Corona victim numbering

Every Corona Virus victim has a name and a story. The number 500,000 should give us pause to think about that. Op-ed.

Rabbi Eli Hecht ,

קורונה
קורונה
צילום: ISTOCK

We are dealing with tragedy unprecedented in this century. As of Monday, February 22nd, the official death toll from the Corona Virus is 500,000 and growing. The deadly virus has crossed the limits stated by government officials, doctors, scientists and researchers. Yes, it is over half a million and growing strong. The vaccine seems to be helping but then again those who survived the Virus have other new medical conditions that are destroying their health. Sickness continues and people will continue to die.

But the number 500,000 given is something to think about.

World leadership is trying to relate to the tragic situation. They do it by comparing the numbers of the departed to something that can be numbered as well. We need to comprehend this tragedy. Leadership states that more people have died from the Virus than soldiers during World War II. More people have died overshadowing the destruction of many cities during recent wars like Vietnam and Iraq. These numbers pale compared to the tragedy taking place in the world right now. It seems that we need a number for people to come to their senses and realize how bad things are.

On the other hand, I think by accentuating the number we inadvertently diminish the ongoing tragedy. We have a fixed number of 500,000 and the people relate to it as a number, which is impersonal and dampens the emotional grief. After all, it is real people who die. It’s not just a number, is it? Examples of tragedies become acceptable as the normal way of living and dying.

Jewish people are celebrating the holiday of Purim. We read a scroll called the Megilah of Esther where we are told that the Persian King Achashverosh was approached by a nefarious minister called Haman who offered 10,000 silver talents corresponding to 10,000 Jewish leaders. The price Haman was willing to pay to exterminate the Jews was 24 million silver talents or 750 tons of silver. He reduced the lives of people to money. The amount of money offered by Haman was a number which made it impersonal in order to kill the Jewish people.

How does the 500,000 Corona deaths compare to the six million Jews killed during the Holocaust? Can we say it’s just a number? The number diminishes the emotional impact, ending the dignity of mankind by replacing it with a number.

In our history we are told that King Pharaoh numbered the Jews he was going to kill in Egypt, Haman numbered the Jews he was going to kill in Persia, Hitler numbered the Jews in Europe, and Stalin numbered the Jews that he did away with in Russia. It seems that the idea of a number takes away the guilt and the severity of the crime. Perhaps that is why prisoners are given numbers and are not called by name.

People are not numbers. We cannot replace the 500,000 that have died so far from the Virus, nor can we replace the six million Jews that were killed during WWII. However, what we can do is make everyone an important number. Every person should be counted as a world in itself.

What is needed is preventive medicine. We are not to be reduced to numbers. We are children of the Supreme Being, the Almighty G-d.

Until we have a better way of recognizing the tragedy we will have to live with the numbers and hopefully the deaths will diminish and the world will become a safer place.

Israel has performed graciously by offering the vaccine to other countries and is a leader in medicine worldwide. Let’s hope and pray that the vaccine will prevail in preventing the virus and help heal people and that we will quickly have a safer world.
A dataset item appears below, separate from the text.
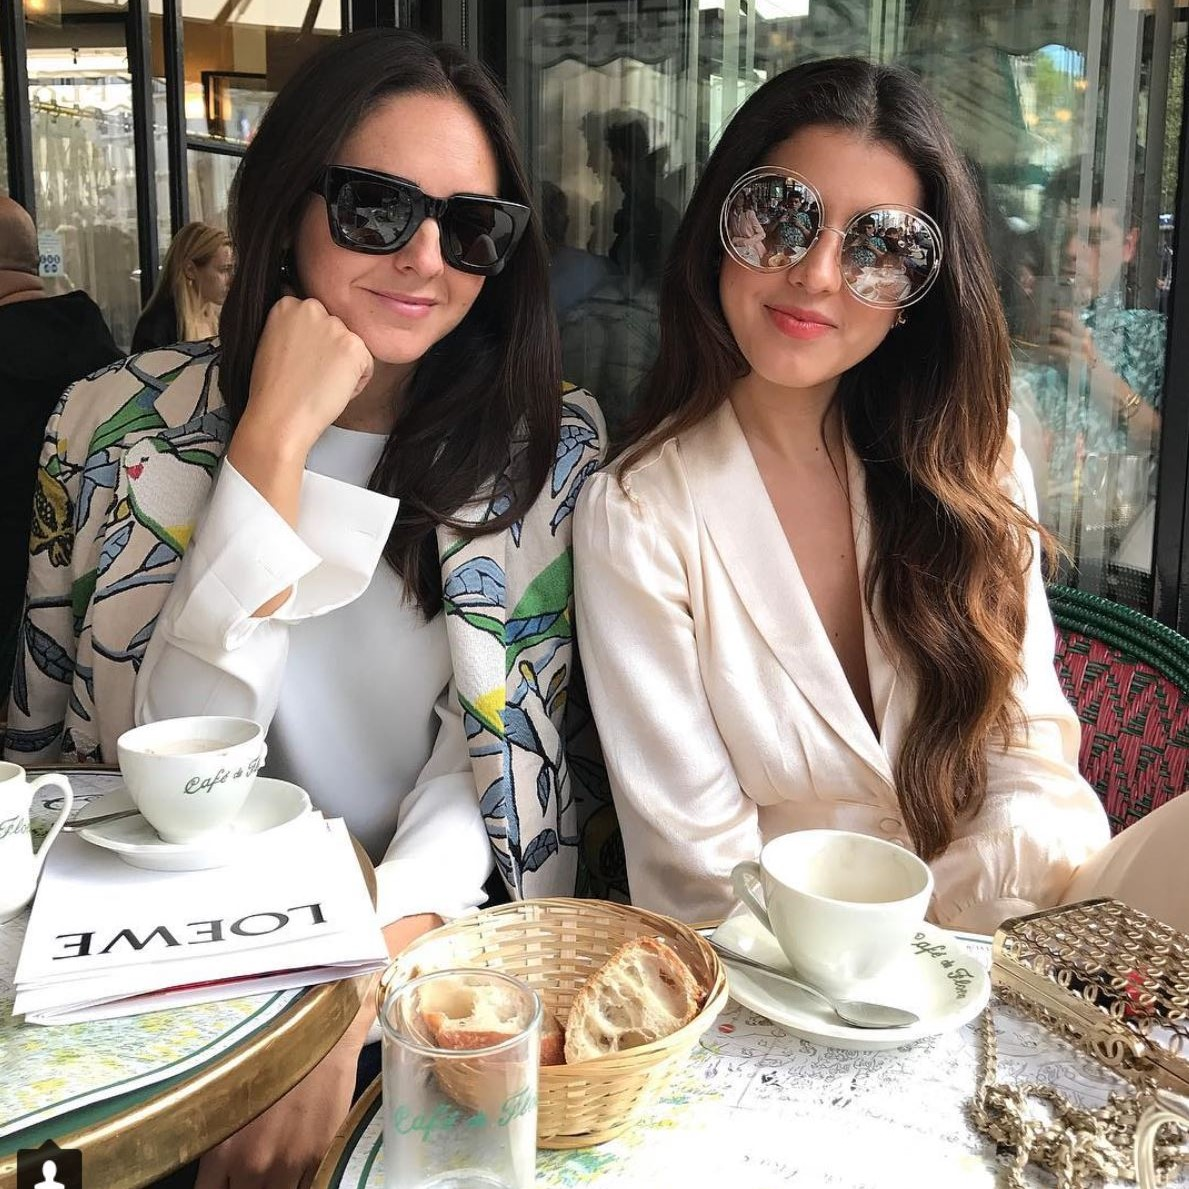 BRENDA DIAZ DE LA VEGA - Dos Loros Kimono  #Co-founder #buro24/7 #luvit #CEO #almagirl #girlboss  @ Paris Fashion Week

And remember the words put to poetry by the late Zelda Schneerson Mishkovsky, the deeply G-d fearing poetess of Jerusalem.

Every Man has a Name

Every man has a name
Given him by G-d
And given by his father and his mother
Every man has a name
Given him by his stature and his way of smiling,
And given him by his clothes.
Every man has a name
Given him by the mountains
And given him by his walls
Every man has a name
Given him by the planets
And given him by his neighbors
Every man has a name
Given him by his sins
And given him by his longing
Every man has a name given him by those who hate him
And given him by his love
Every man has a name
Given him by his holidays
And given him by his handiwork
Every man has a name
Given him by the seasons of the year
And given him by his blindness
Every man has a name
Given him by the sea
And given him
By his death.

May their memory be for a blessing.

Rav Eli Hecht is Director and Founder of Chabad of South Bay, Lomita California, former President Rabbinical Council of California, and Vice President of the Rabbinical Alliance of America.